Fifth Circuit: Bankruptcy Court Exceeded Its Authority in Approving Post-confirmation Settlements of Discharged Claims
Fifth Circuit: Bankruptcy Court Exceeded Its Authority in Approving Post-confirmation Settlements of Discharged Claims
After Chesapeake Energy Corporation’s Chapter 11 plan became effective, the debtor sought approval of two settlements of two pre-bankruptcy purported class actions covering approximately 23,000 Pennsylvania oil and gas leases.
No proofs of claim were filed for the claims covered by the settlements. Other similarly situated claimants did file proof of claims and stood to receive around 0.01% of their claims under the Plan. However, under the proposed settlements, the claimants could receive well over 20% of their claims.
The plan also assumed that the oil and gas leases would ride through bankruptcy unaffected. On the other hand, the settlements required material alterations in the terms of the leases.
These factors led the Fifth Circuit to conclude that approval of the settlements was beyond the bankruptcy court’s jurisdiction. The appeals court concluded that there was no core jurisdiction because no proofs of claim were filed with respect to the settled claims.

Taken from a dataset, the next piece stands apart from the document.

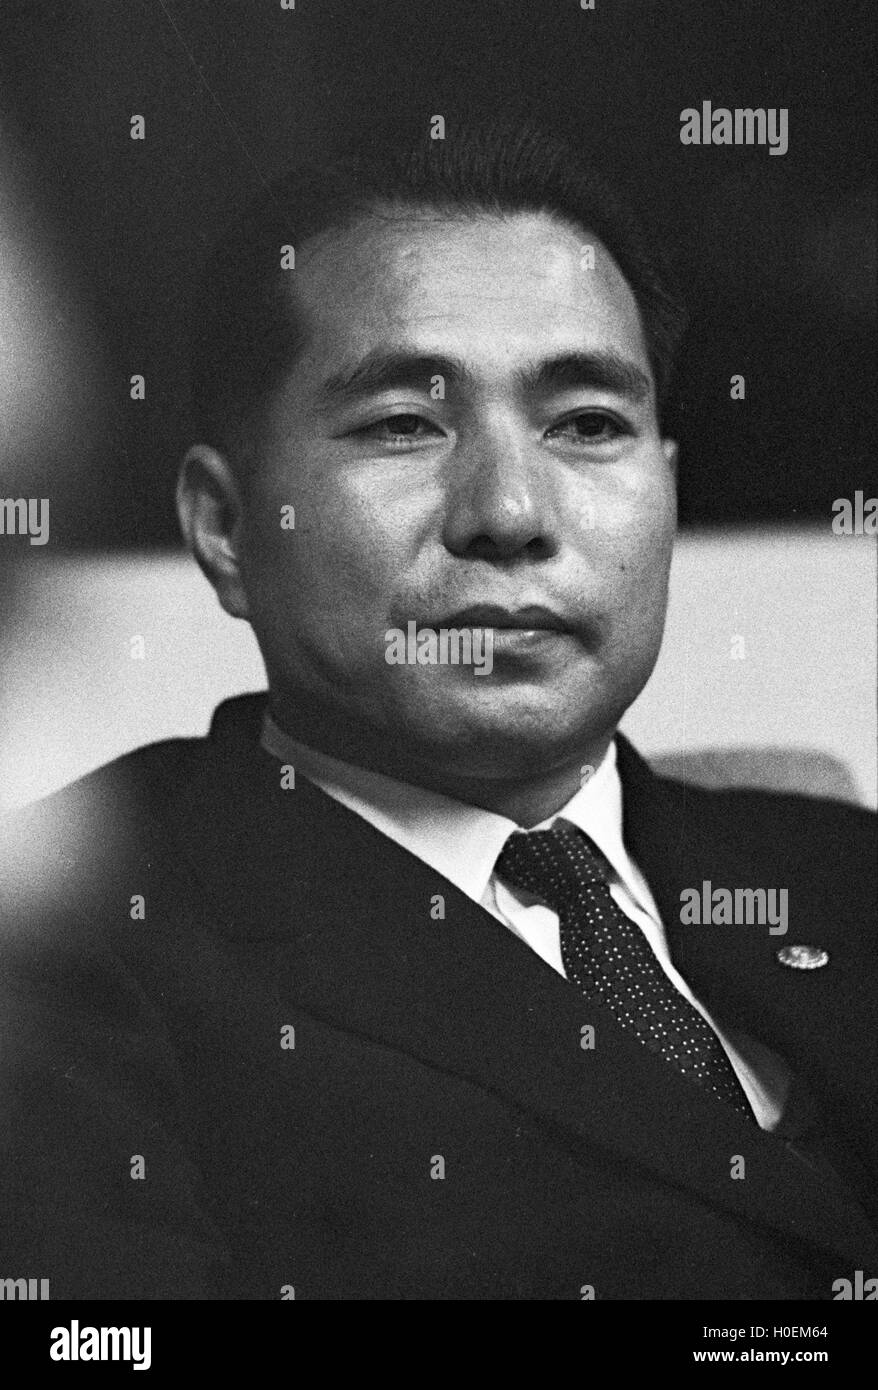 Daisaku Ikeda, former President of Soka Gakkai, the controversial new religious movement. This photograph was taken in July 1963 Stock Photo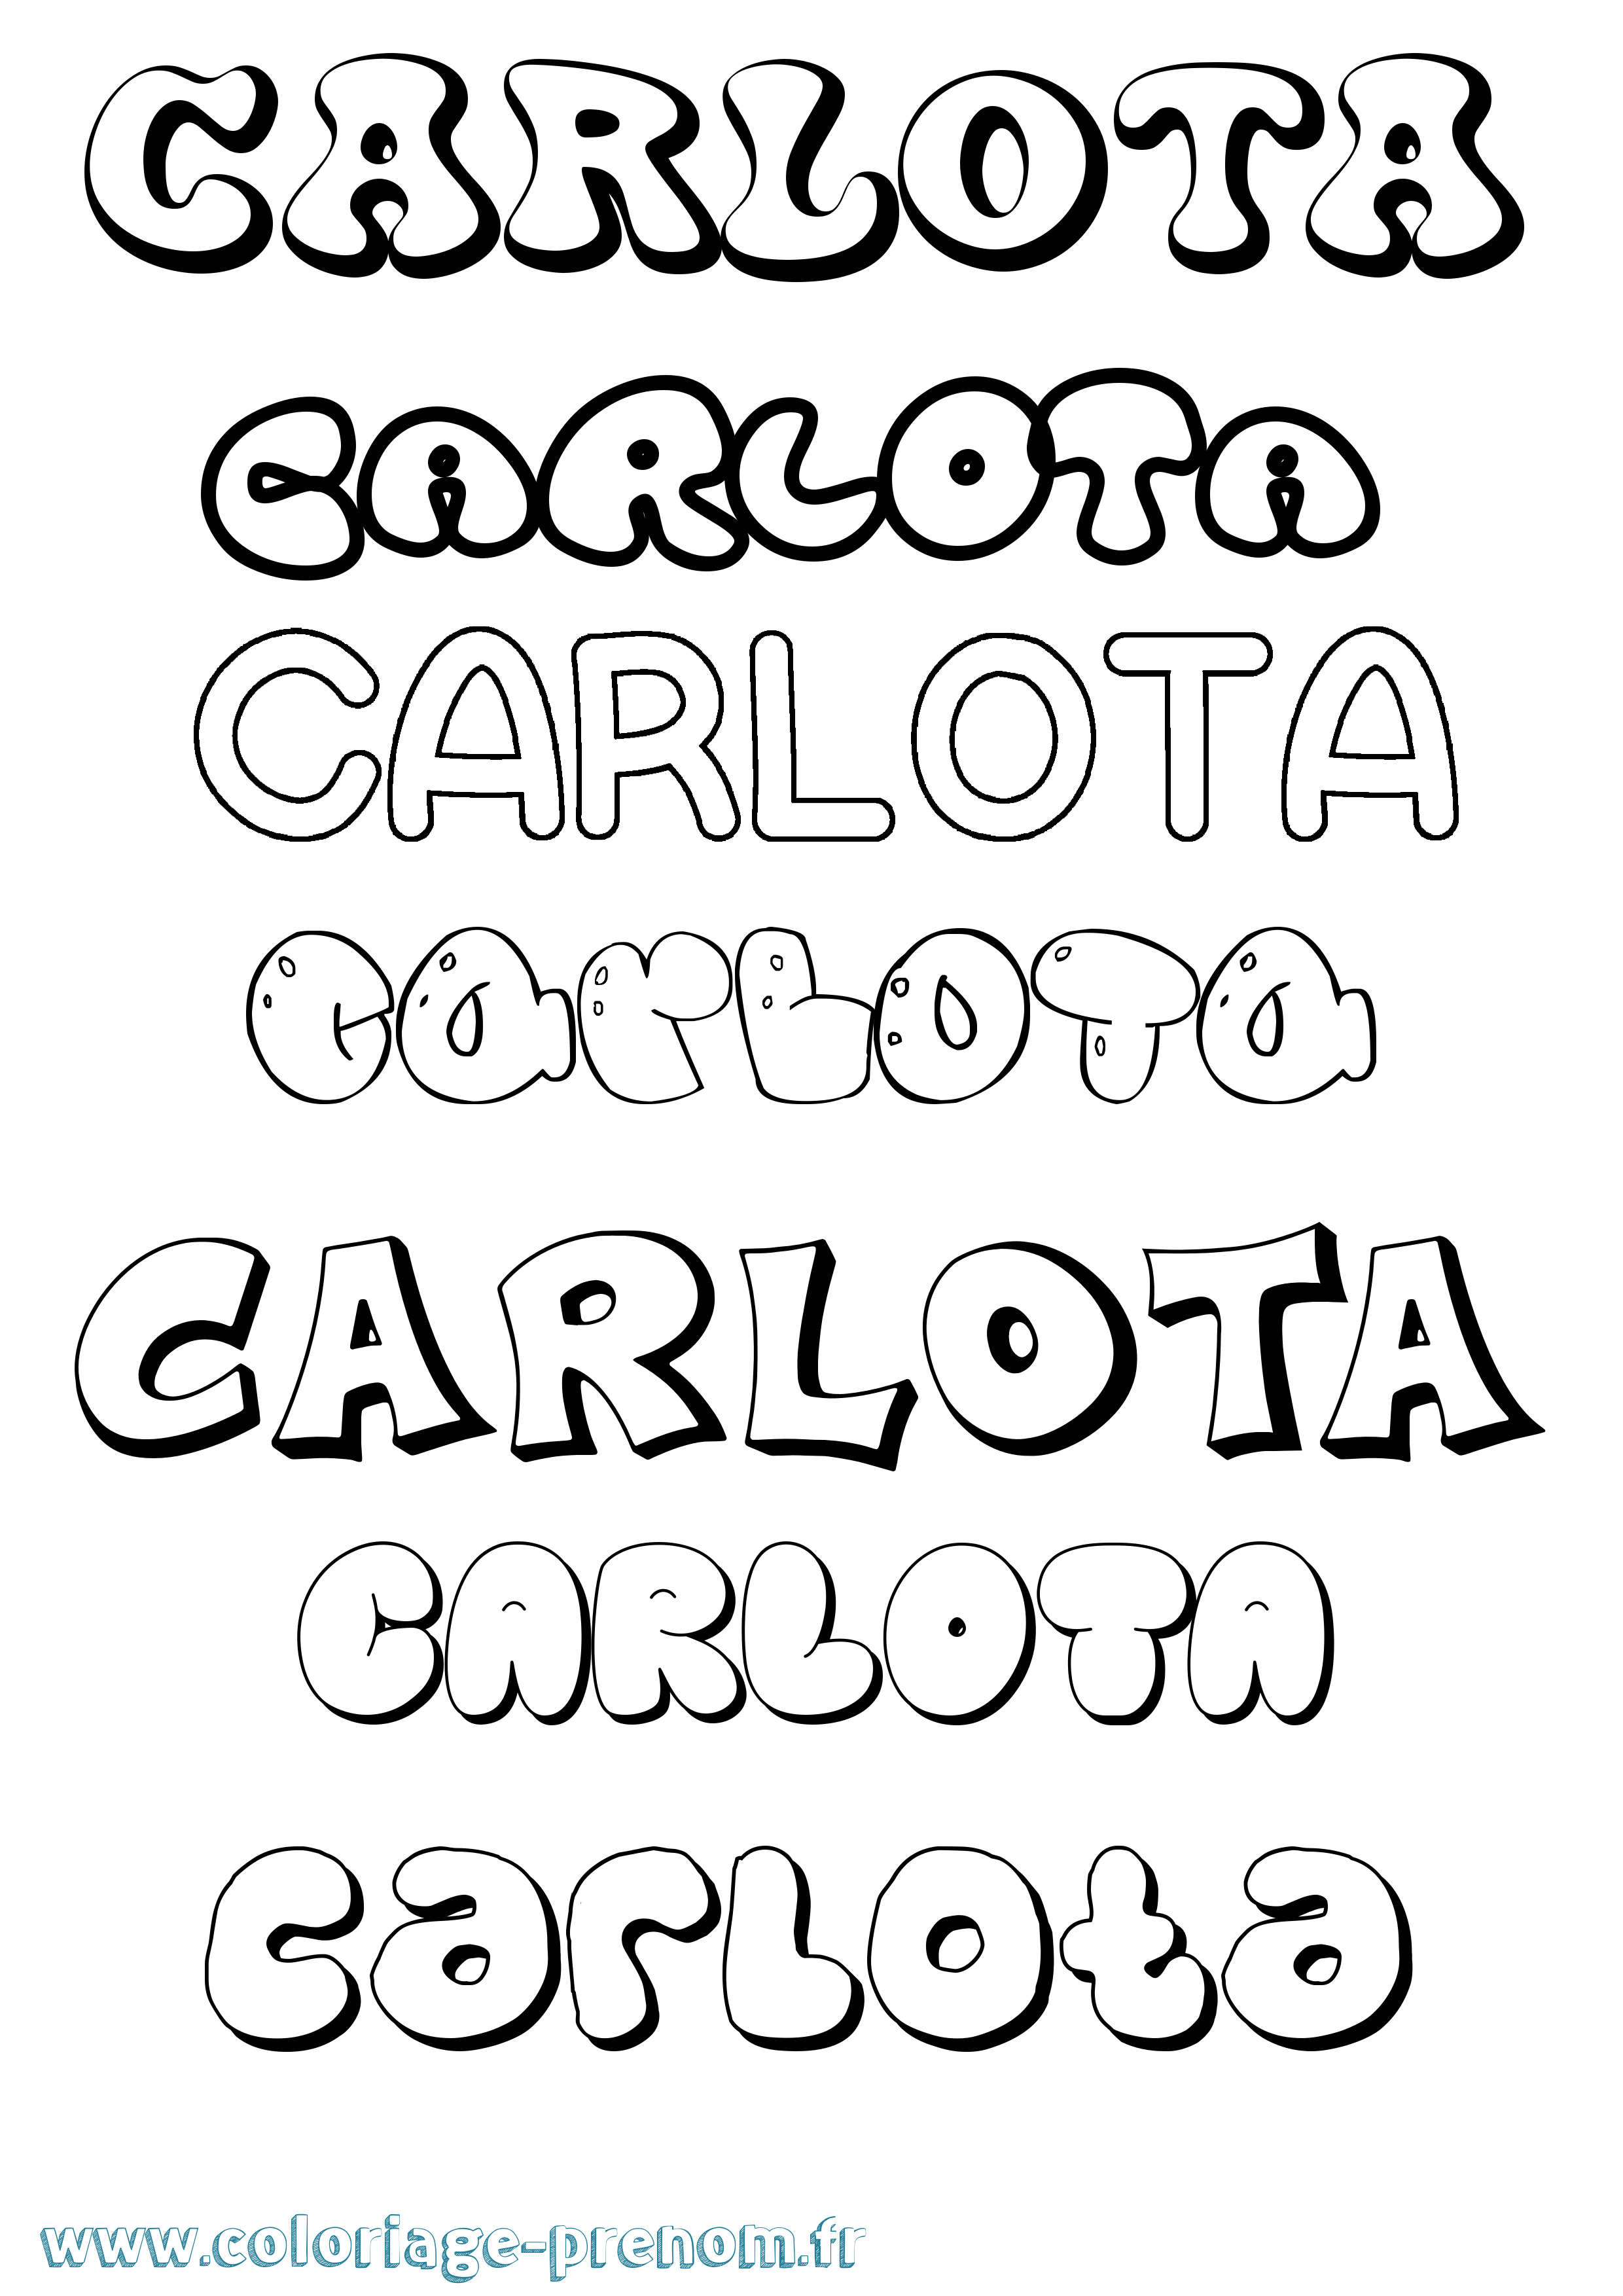 Coloriage prénom Carlota Bubble

Since the Plan had already become effective, such claims had been discharged.
The court underscored that the bankruptcy court did not have the authority “to revive never-filed, discharged claims as if they were engaged in a “core” claims adjudication proceeding.” It further emphasized that “treating the class actions as if there had been timely filed proofs of claim disregard[ed] the reorganization process.” Although the Fifth Circuit noted that “related to” jurisdiction presented a closer question, it still found such jurisdiction lacking.
This conclusion was based primarily on the conflict the court found between the settlements and the Chapter 11 Plan and Disclosure Statement. Such conflict arose in two matters. First, although the plan discharged the claims covered by the settlements, the settlements provided a much higher recovery to those claims in comparison to other similarly situated creditors’ -timely filed- general unsecured claims.
Second, whereas the plan assumed that the debtor’s oil and gas leases would ride through bankruptcy unaffected, the settlements required material mandatory alterations to thousands of oil and gas leases.
In sum, far from merely enforcing the plan, the settlements contradicted it and purported to grant relief expressly barred thereunder. As a result, the Fifth Circuit concluded that the bankruptcy court lacked jurisdiction to approve the settlements and thus reversed and remanded with instructions to dismiss.